Give it a dataset and a question. statskeptic profiles the data, picks a vetted
statistical method, runs it, and then turns on the result: it attacks its own analysis
against a methodological rubric (assumption violations, multiple comparisons,
confounding, underpowered samples, data leakage, outlier sensitivity), revises what it
can, and reports what the data shows **and what it cannot conclude**.

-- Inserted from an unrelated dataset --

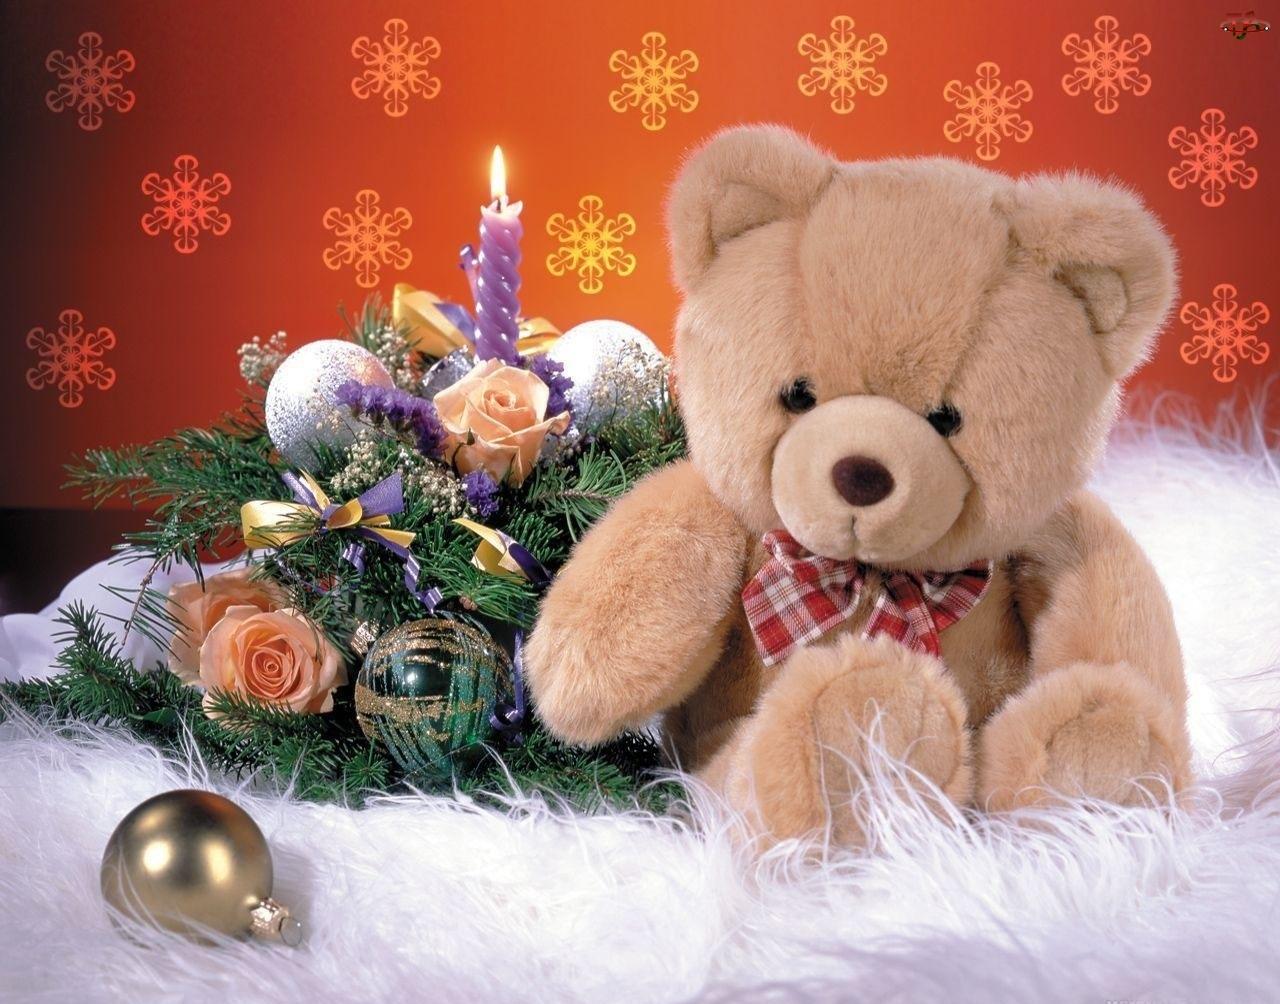 Narodzenie, Pluszowy, Święta, Miś, Boże, Stroik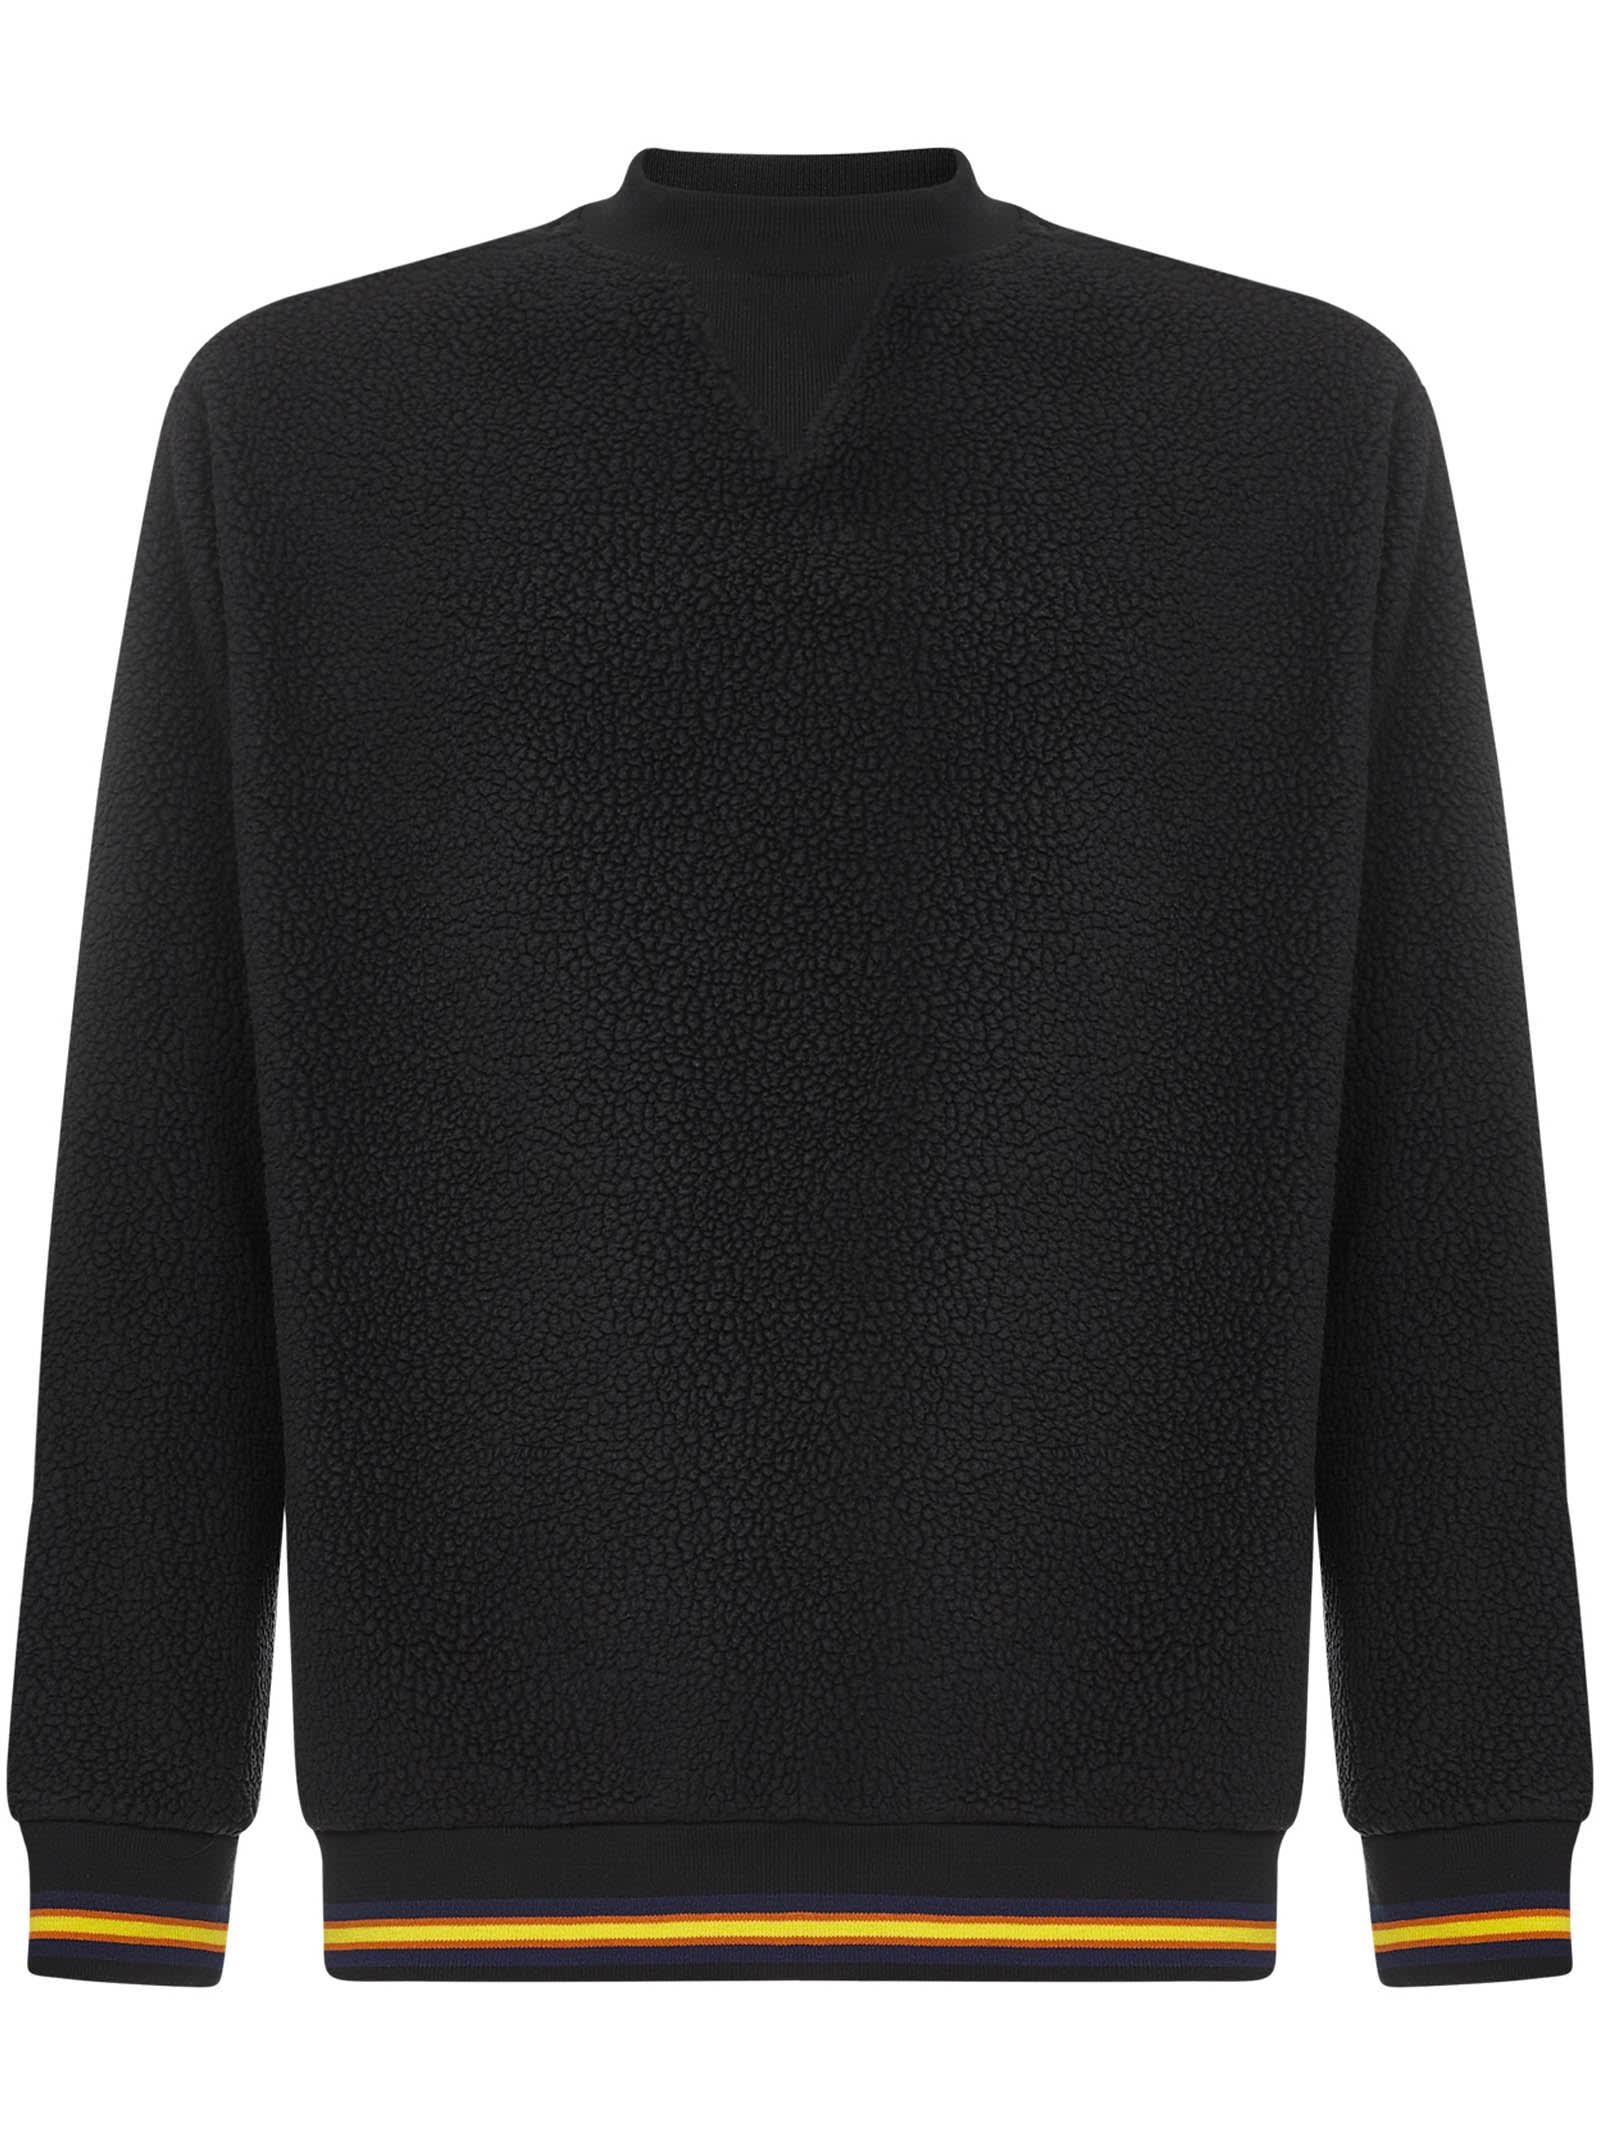 Hans Sweatshirt

Two rules make it different from the fluent-but-wrong tools it competes with:

1. **The model never produces a number.** Every statistic comes from real, tested code
   (scipy / statsmodels) and ships with the exact call that produced it, so any figure
   can be re-run and checked. statskeptic selects methods and interprets them; it does
   not invent them.
2. **"Cannot conclude" is a success state.** Over-claiming is the cardinal sin here.
   When the data does not support a reliable answer, statskeptic says so plainly, and a
   non-zero exit code lets a pipeline act on it.

## A trap a naive tool walks into

`examples/skewed_trial.csv` is a two-arm trial where recovery time is heavily
right-skewed and there is no real difference between the arms. Point a tool that reaches
straight for a t-test at it and you get a confident false positive: `p = 0.014`,
"significant," ship it.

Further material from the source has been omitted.